The Sunnyvale, Calif., chip maker on May 16 previewed a quad-core processor design the company said it will use to create higher-performing Opteron chips, in addition to boosting some of its other chip lines, during 2007.
AMD, which has recently been gaining market share over its rival Intel, aims to keep the pressure on with the quad-core design, which incorporates a number of new features.
"We actually have had to do a lot of work on a per-core basis to lower [power consumption]," said Senior AMD Fellow Chuck Moore, who spoke at the Spring Processor Forum in San Jose, Calif., where the new design was announced.
As a result, the quad-core Opterons will offer the same power consumption levels as AMDs current dual-core Opterons—most of which use about 90 watts—despite the extra cores, Moore said.
To achieve that goal, AMDs quad-core designs will incorporate a number of new elements. Among them are redesigned processor cores, extra onboard cache and the addition of a higher-bandwidth version of the HyperTransport interconnect. AMD will also mint the chips using its forthcoming 65-nanometer manufacturing process, Moore said in his presentation.
The processor core revisions are designed to allow each core to do more work per clock cycle. AMD also beefed up the floating-point units, generally used for number-crunching and multimedia-extension processing capabilities associated with the cores.
On the chip level, AMD engineers added a shared Level 3 cache—an extra pool of memory used to store data close to the processor cores—to help feed data into the cores individual Level 2 caches. The L3 cache, which was designed to vary in size, can be accessed by any of the four cores. However, AMD engineers gave each processor core its own L2 cache on the grounds that sharing those caches can result in one or more processors cores fighting access, which exacts a cost in performance.

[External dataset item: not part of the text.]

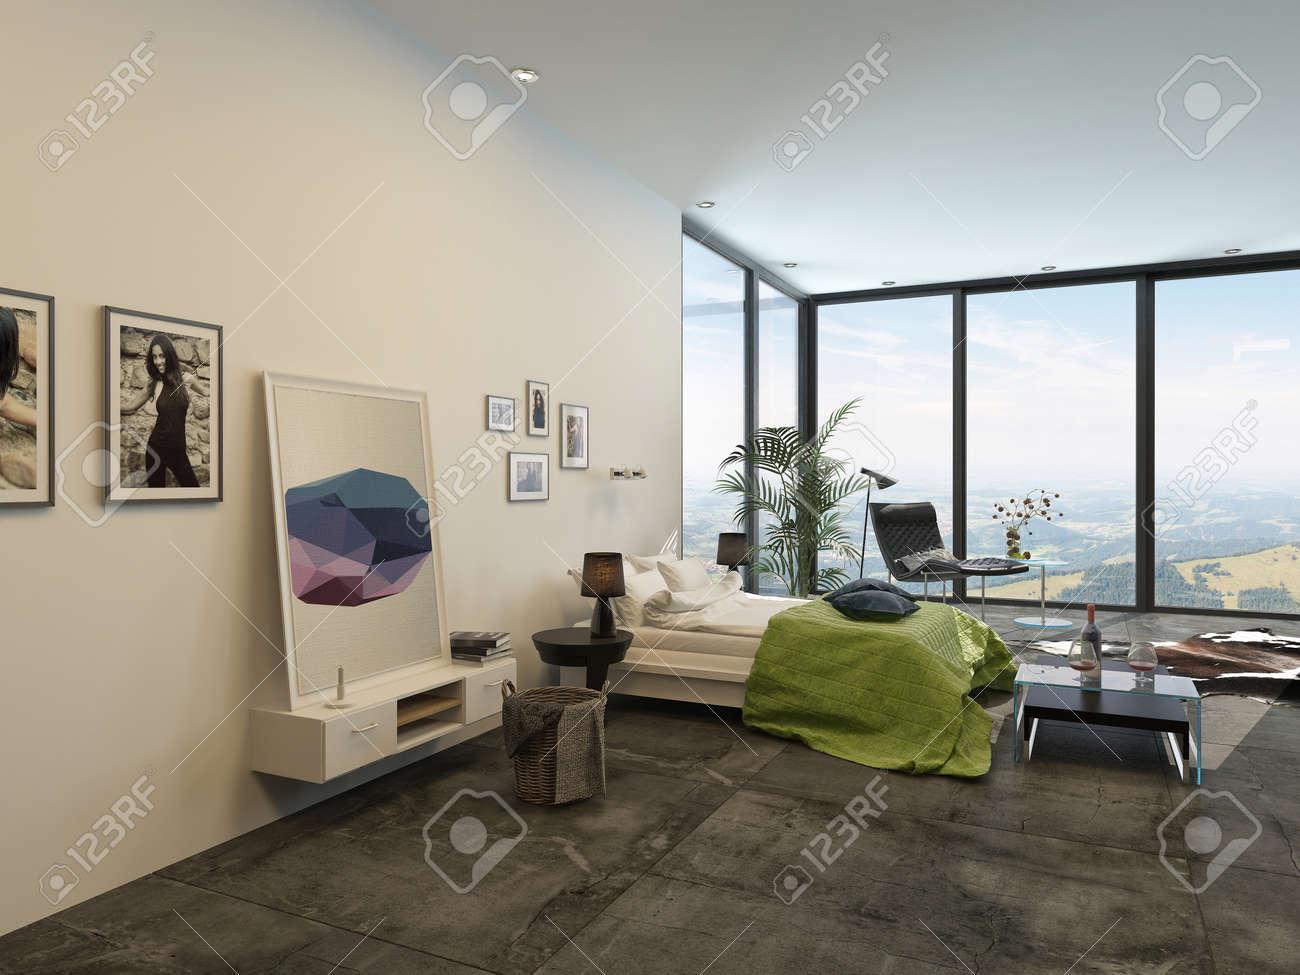 Fußboden Schlafzimmer ~ Boden schlafzimmer kostenlose bild zimmer innen zuhause boden dekor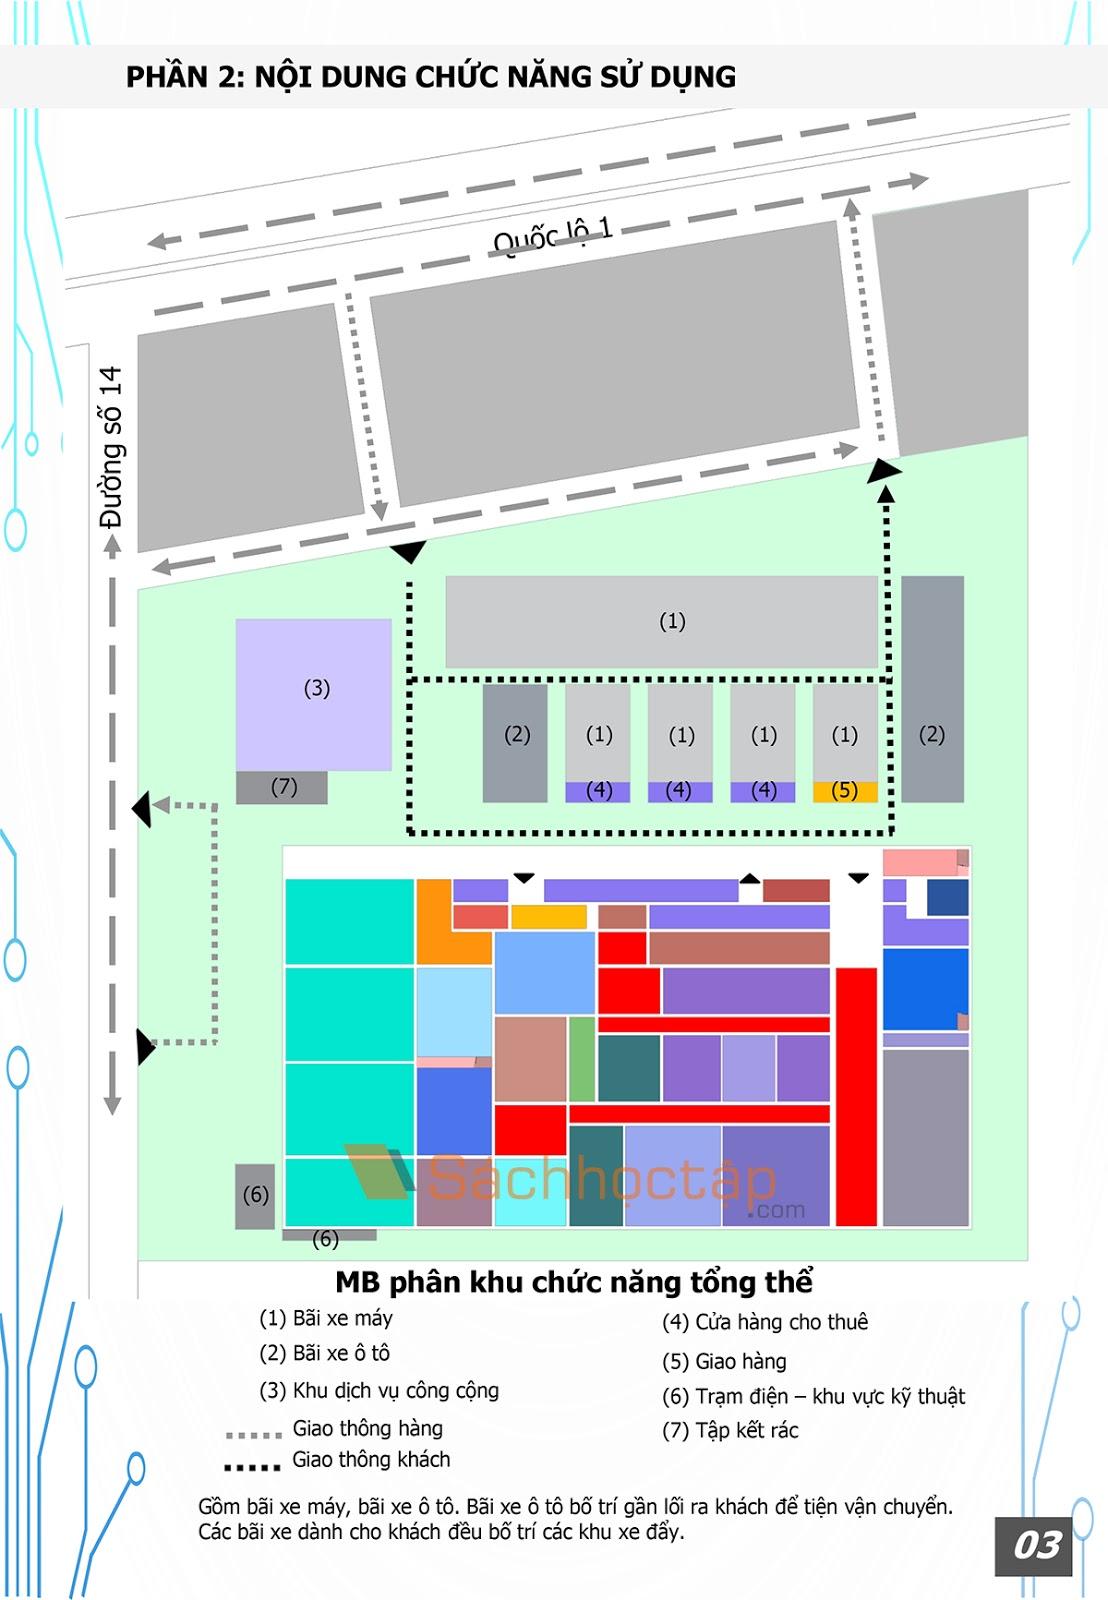 Chuyên đề kiến trúc 4: Kiến trúc thương mại - Dịch vụ: Siêu thị Co.opxtra Plus Thủ Đức - Preview 4

The engineers also fitted the quad-core chip design with HyperTransport 3.0, which offers more than double the bandwidth of its predecessor, thus increasing the size of the pipe used to move data into and out of the chip.
While adding these performance-oriented features, AMD engineers also built in some power-saving tricks. For example, cores not being used can be shut down.
AMD will also make provisions for DDR2 SDRAM (double-data-rate synchronous dynamic RAM) and, when the company is satisfied with the technology, FB-DIMMs (fully buffered dual in-line memory modules), which add a buffer chip to enhance performance. At the moment, AMD said, the power use of the FB-DIMMs—each modules buffer chip consumes roughly 6 watts—outweighs their performance advantages.
Ultimately, the effort AMD put into creating the quad-core Opteron will pay off in other areas, as the chip maker will use the design in other chips, Moore said.
"Itll start in the Opteron family and itll trickle down into the rest," he said.
AMD has said it will follow the quad-core chip with a move to a redesigned processor architecture around 2008 or 2009.
Meanwhile, rival chip maker Intel, of Santa Clara, Calif., is also working to deliver quad-core chips in 2007.
So far, Intel has shown off a quad-core Xeon, code-named Clovertown.
Following a logical progression, eight-core PC processors may become possible with the next generation of manufacturing technology, 45 nanometers, which Intel said it expects to begin rolling out some time in 2007.